*** Opening of THE DATA ***

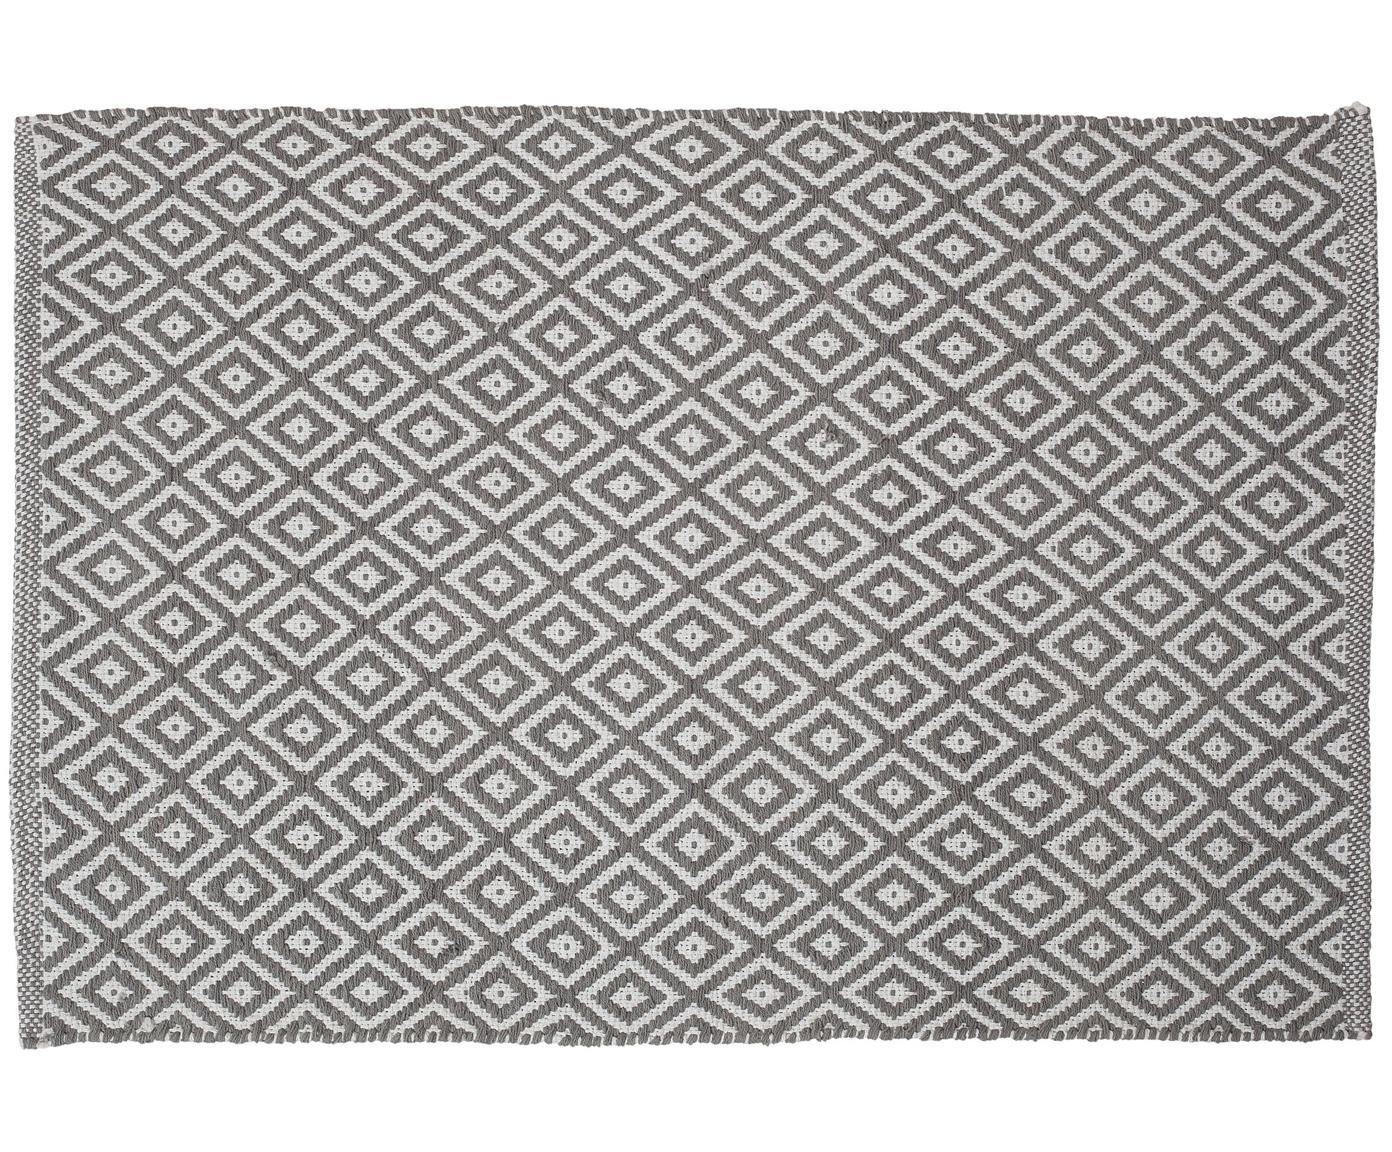 Alfombrilla de baño Erin, estilo boho, Algodón, Gris, blanco, An 60 x L 90 cm
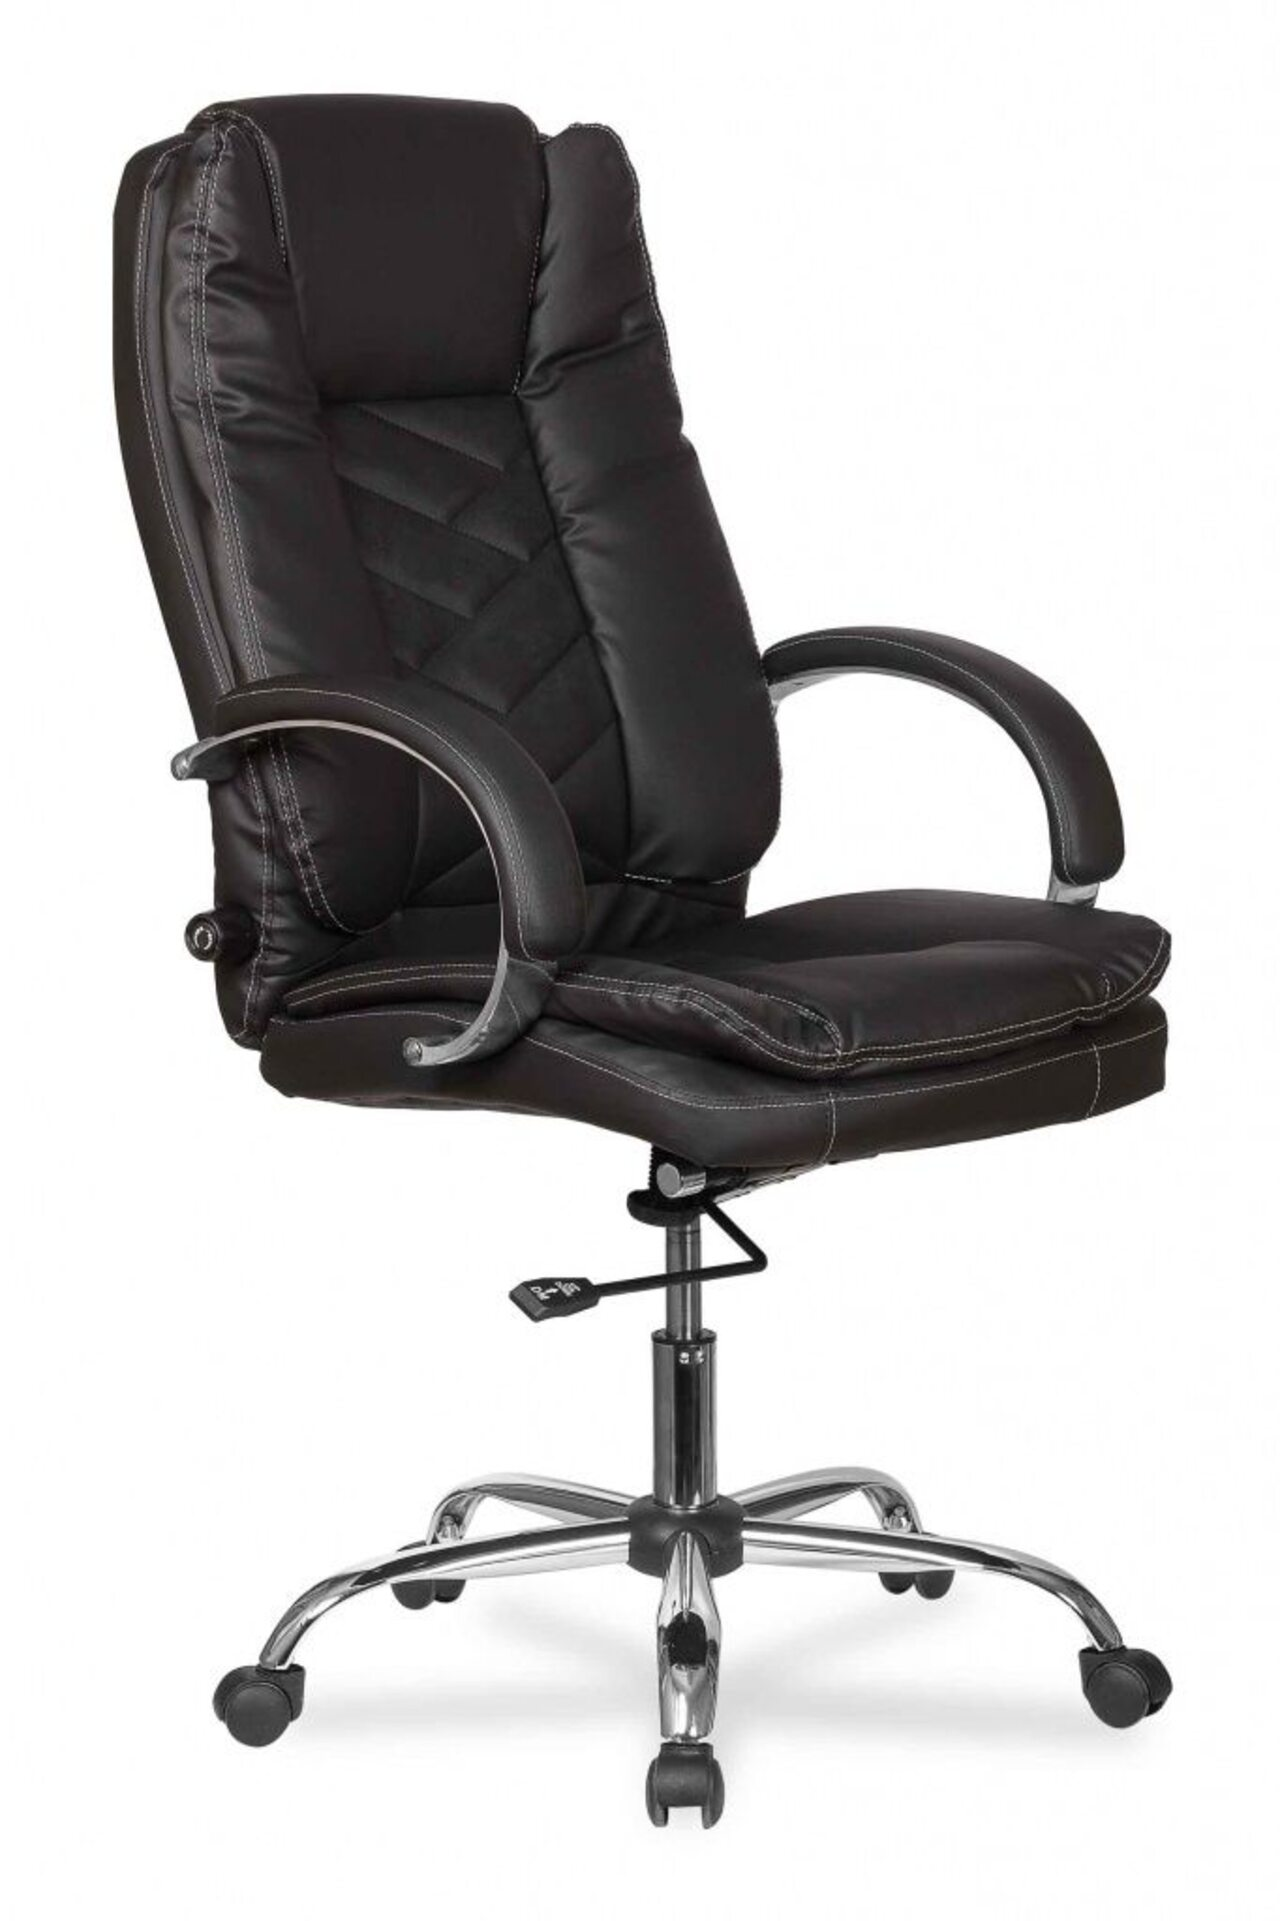 Кресло руководителя College BX-3295 - фото 1
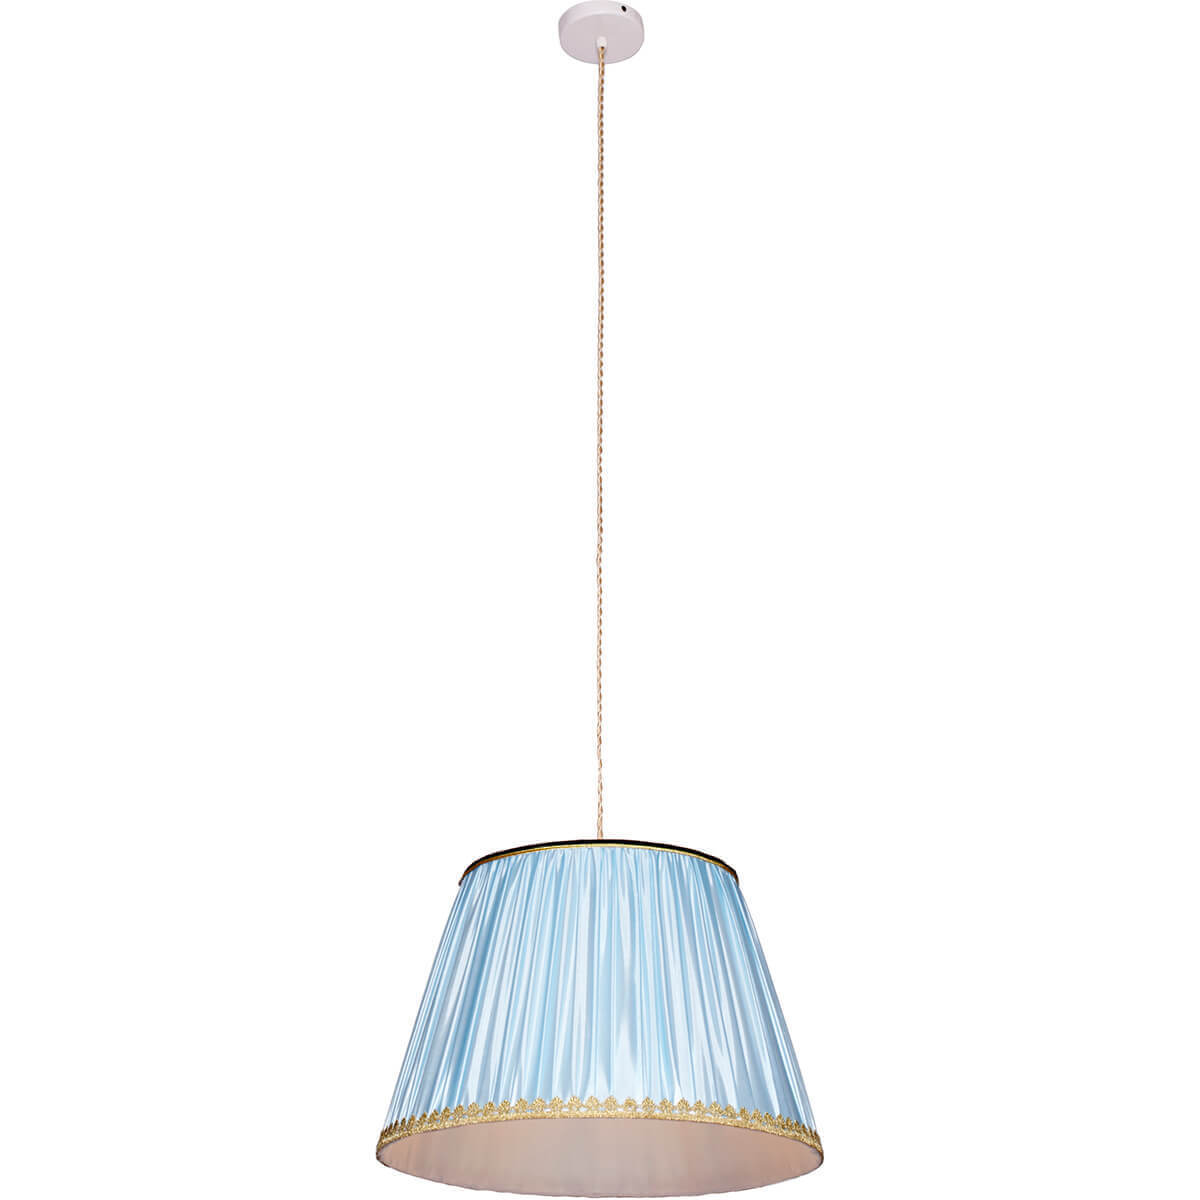 Подвесной светильник Lucia Tucci Lotte 214.1 цена
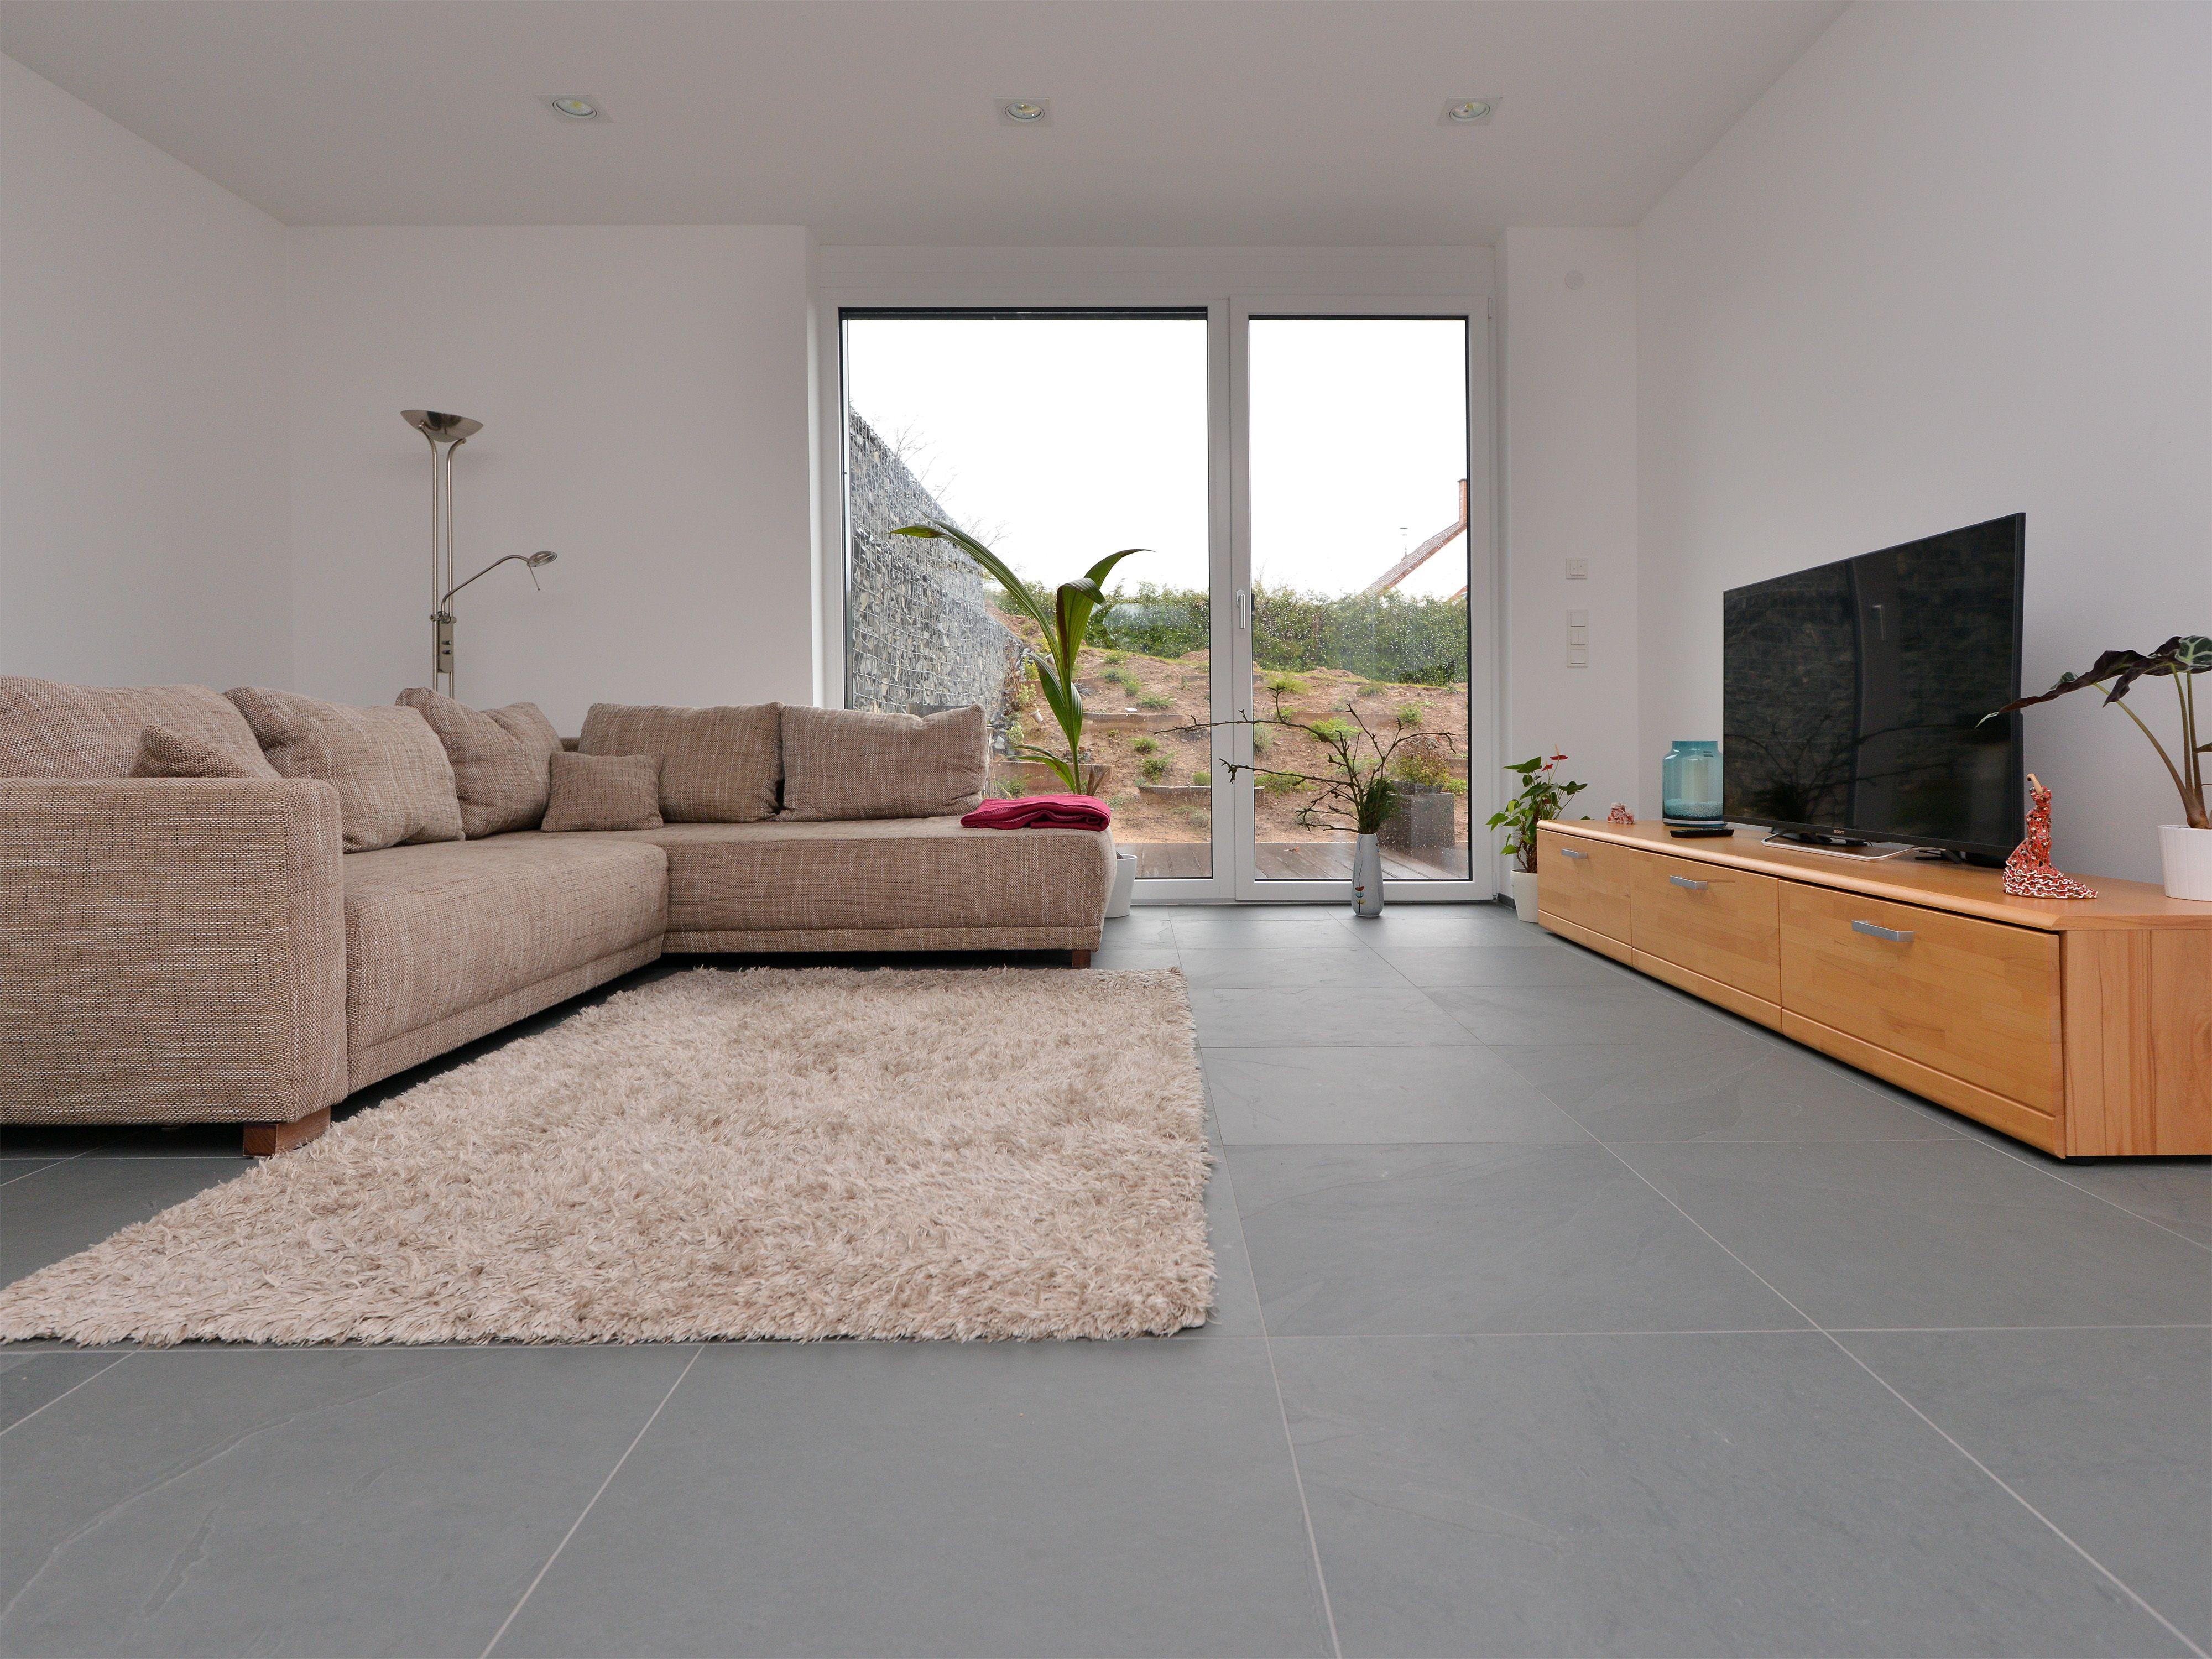 Carrelage Grey Slate En Ardoise Stonenaturelle Le Choix De L - Carrelage ardoise

*** Close of THE DATA ***

- **EXERCISE**
Without the pictures, write out the entire listing exactly.

- **THE COMPLETED TASK**
 Alfombrilla de baño Erin, estilo boho, Algodón, Gris, blanco, An 60 x L 90 cm
 Кресло руководителя College BX-3295 - фото 1
 Подвесной светильник Lucia Tucci Lotte 214.1 цена
 Carrelage Grey Slate En Ardoise Stonenaturelle Le Choix De L - Carrelage ardoise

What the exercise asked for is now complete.